▶ Information shown:
== Segment start ==

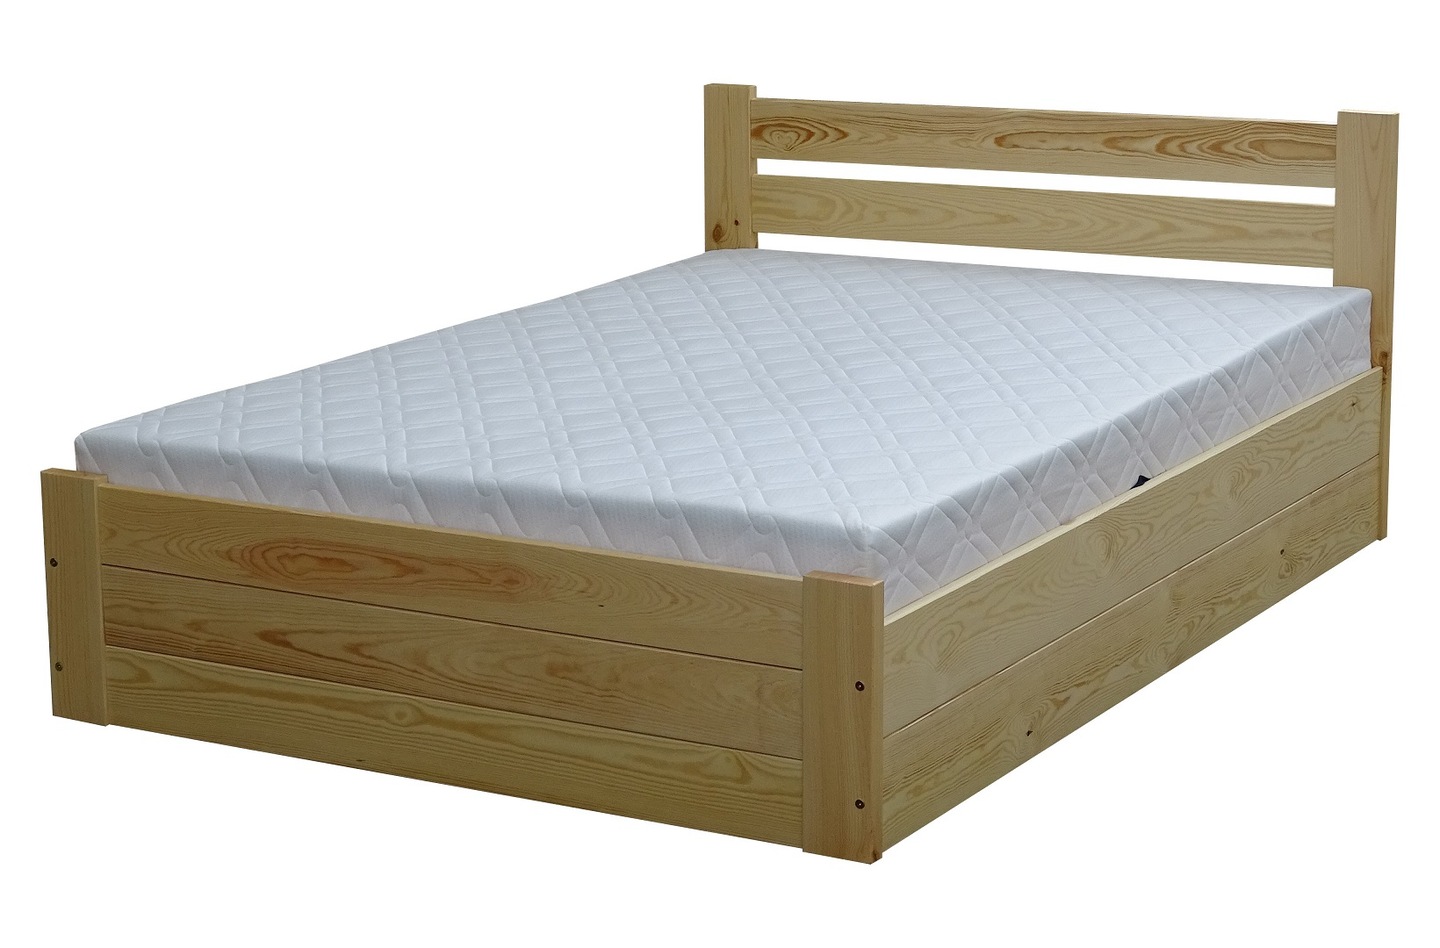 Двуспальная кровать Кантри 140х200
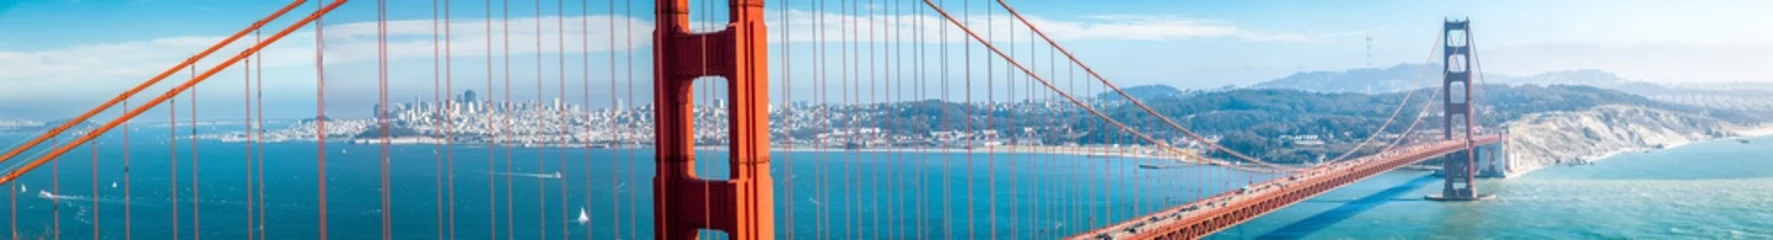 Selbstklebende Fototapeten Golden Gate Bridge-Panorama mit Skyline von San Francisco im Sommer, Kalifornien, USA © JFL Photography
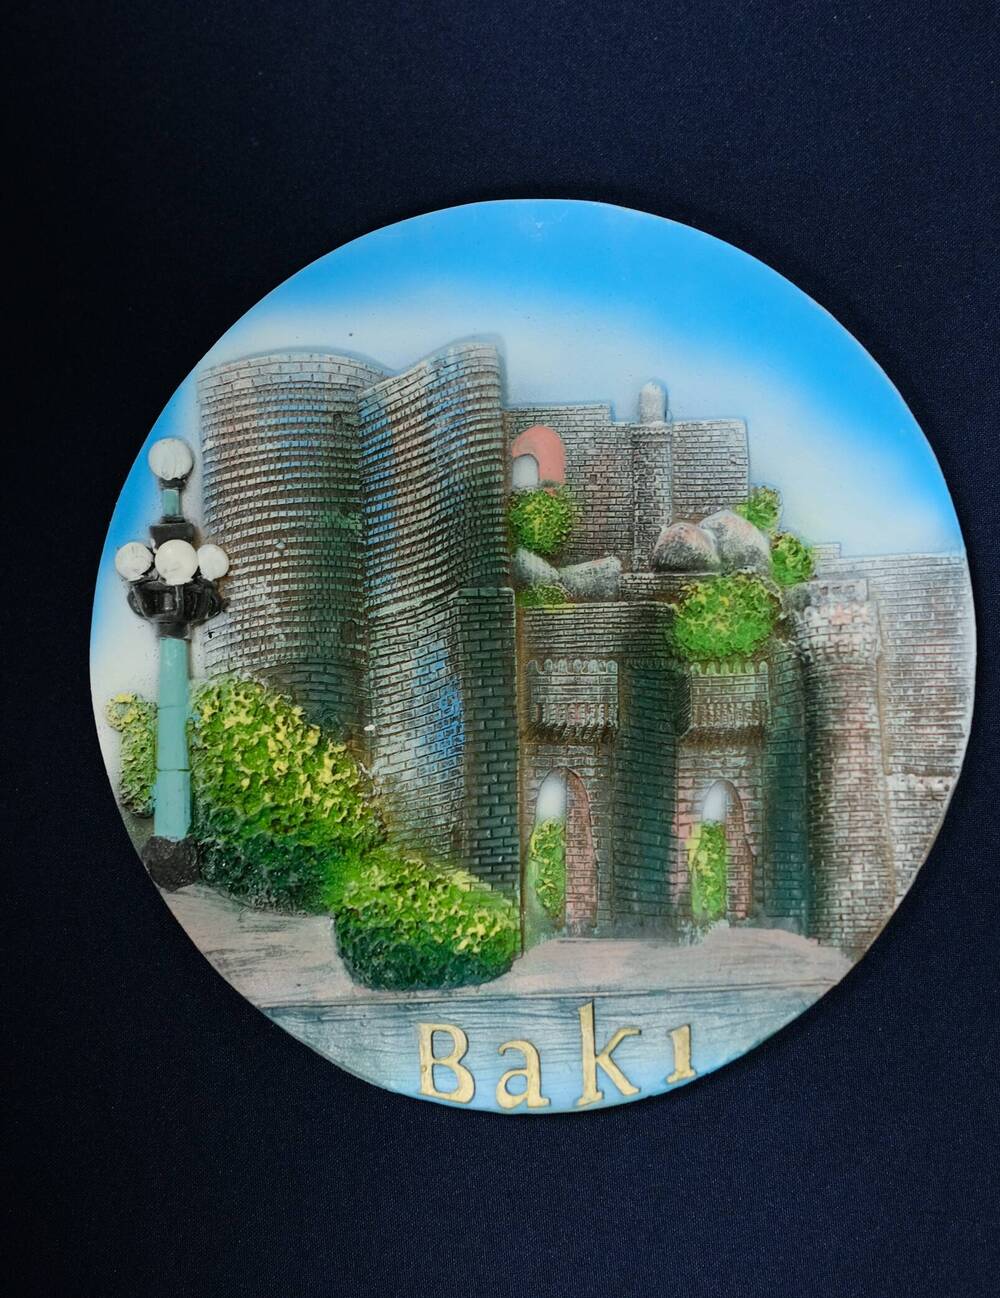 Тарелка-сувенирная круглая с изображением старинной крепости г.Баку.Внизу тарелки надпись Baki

== Segment end ==

▶ What the task requires: Copy exactly what appears from the line holding "Selbstklebende Fototapeten Golden" to the end of the material, keeping both end lines. Pictures are not part of the copy.

▶ Result:
 Selbstklebende Fototapeten Golden Gate Bridge-Panorama mit Skyline von San Francisco im Sommer, Kalifornien, USA © JFL Photography
 Тарелка-сувенирная круглая с изображением старинной крепости г.Баку.Внизу тарелки надпись Baki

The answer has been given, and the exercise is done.